Analizzando le prestazioni dei singoli salviamo Radu, autore di un paio d’interventi che ne hanno messo ulteriormente in risalto doti e crescita, Veloso, che in un centrocampo davvero povero qualitativamente è stato l’unico a meritare la sufficienza al pari di Pandev, spentosi nel finale ma l’unico in grado di accendere una squadra apparsa priva di fantasia e sufficiente Romero. Male la difesa, sia in Biraschi che in capitan Criscito, anonima la prova dei centrocampisti e degli esterni, con Pereira che a questo punto Prandelli farebbe bene ad accantonare, per non esporre ulteriormente il ragazzo alle critiche della tifoseria e dell’opinione pubblica, anche se personalmente non lo riteniamo più responsabile di altri della negativa stagione rossoblù. In attacco Kouamé è finito nella morsa della difesa blucerchiata, facendo due passi indietro rispetto alla prova di Napoli e confermando di non essere un attaccante da doppia cifra e comunque bisognoso di crescere, affiancandolo ad un centravanti vero, come nel girone d’andata quando con Piatek compagno di reparto sapeva spesso essere decisivo con il suo movimento e la sua cifra tecnica.
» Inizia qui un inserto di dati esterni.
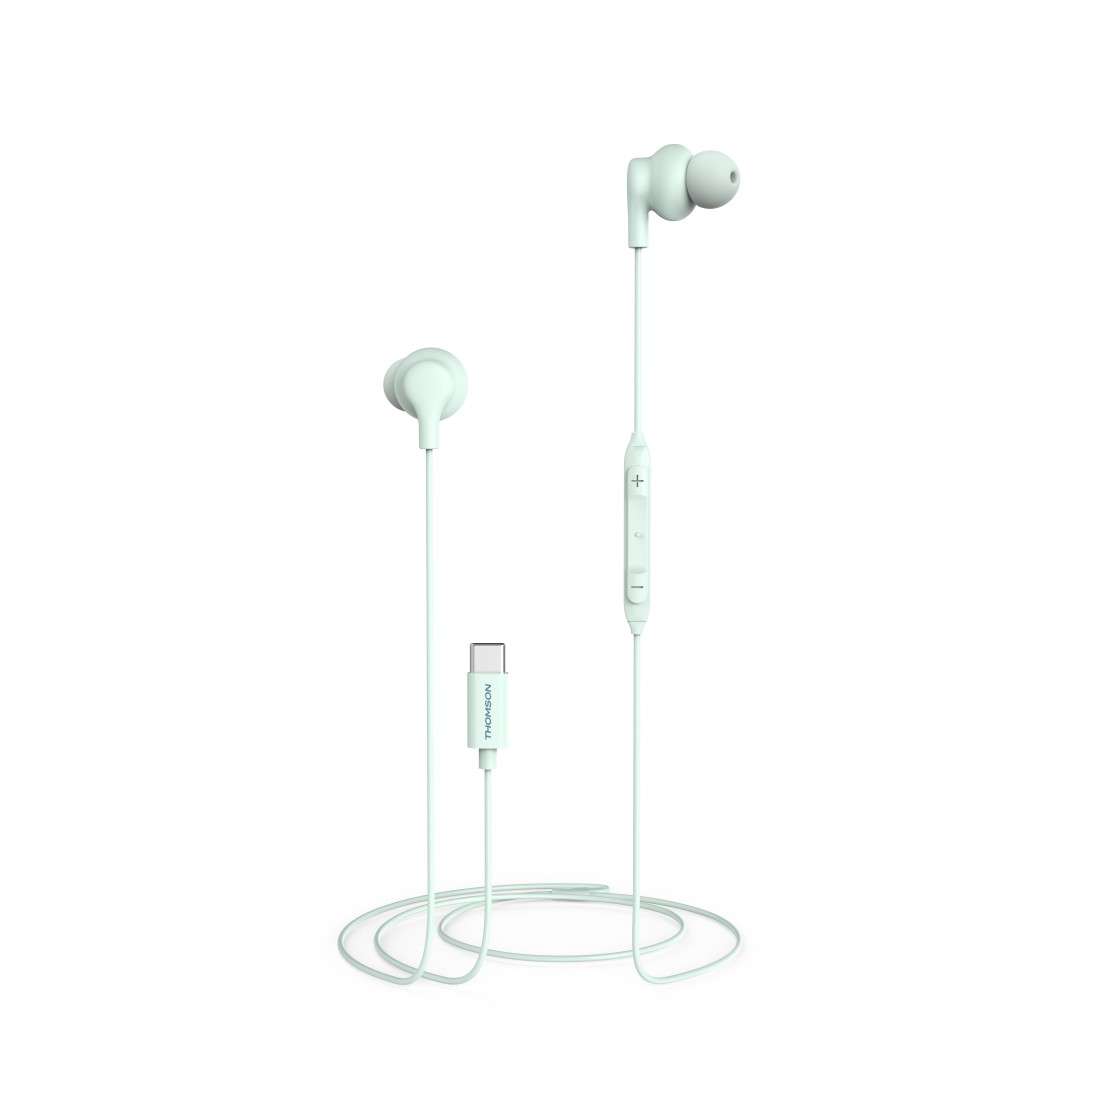 THOMSON (LIZENZMARKE) Kopfhörer, In-Ear, Mikrofon, Kabelknickschutz, USB-C, Türkis

Scriviamo prima della trasferta di Empoli in casa dell’Atalanta ma a prescindere da un risultato che sarà comunque importante in chiave salvezza diventa fondamentale sabato prossimo contro il Torino ottenere un punto contro un undici in corsa per l’Europa League, mancheranno gli squalificati Biraschi e Pandev, due assenze pesanti, soprattutto quella del macedone , ma Criscito e compagni dovranno giocare da squadra, fare quadrato e portare a casa un risultato positivo, per non arretrare ulteriormente in una classifica che rischia di diventare estremamente pericolosa.

SAMPDORIA-GENOA 2-0

Marcatori:p.t. 2’ Defrel s.t. 8’ Quagliarella (rig.)

SAMPDORIA (4-3-1-2): Audero 6,5 – Sala 7 (38’ s.t. Bereszynski n.c.) Andersen 6,5 Colley 7 Murru 6,5 – Praet 6,5 Ekdal 7 Linetty 7 (13’ s.t. Jankto 6) – Ramirez 6 –

Defrel 7,5 (26’ s.t. Gabbiadini 6) Quagliarella 7 All: Giampaolo

GENOA (3-5-2): Radu 7 – Biraschi 4,5 Romero 6 Criscito 5 – Pereira 5 Rolon 5 (10’ s.t. Lerager 5,5) Veloso 6 Bessa 5,5 (32’ s.t. Favilli n.c.) Lazovic 5,5 – Pandev 6 Kouamé 5,5 (27’ s.t. Sanabria 5) All: Prandelli

Arbitro: Calvarese di Teramo 5,5

Note: giornata fredda con folate di vento, terreno in buone condizioni. Ammoniti: Criscito, Linetty, Pandev, Romero, Veloso, Lerager. Gabbiadini Espulso: Biraschi al 7’ s.t. per fallo di mano in area di rigore. Calci d’angolo 8 a 3 per il Genoa. Spettatori 30.548 ( 14.030 abbonati più 16.518 paganti) per un incasso di Euro 652.017.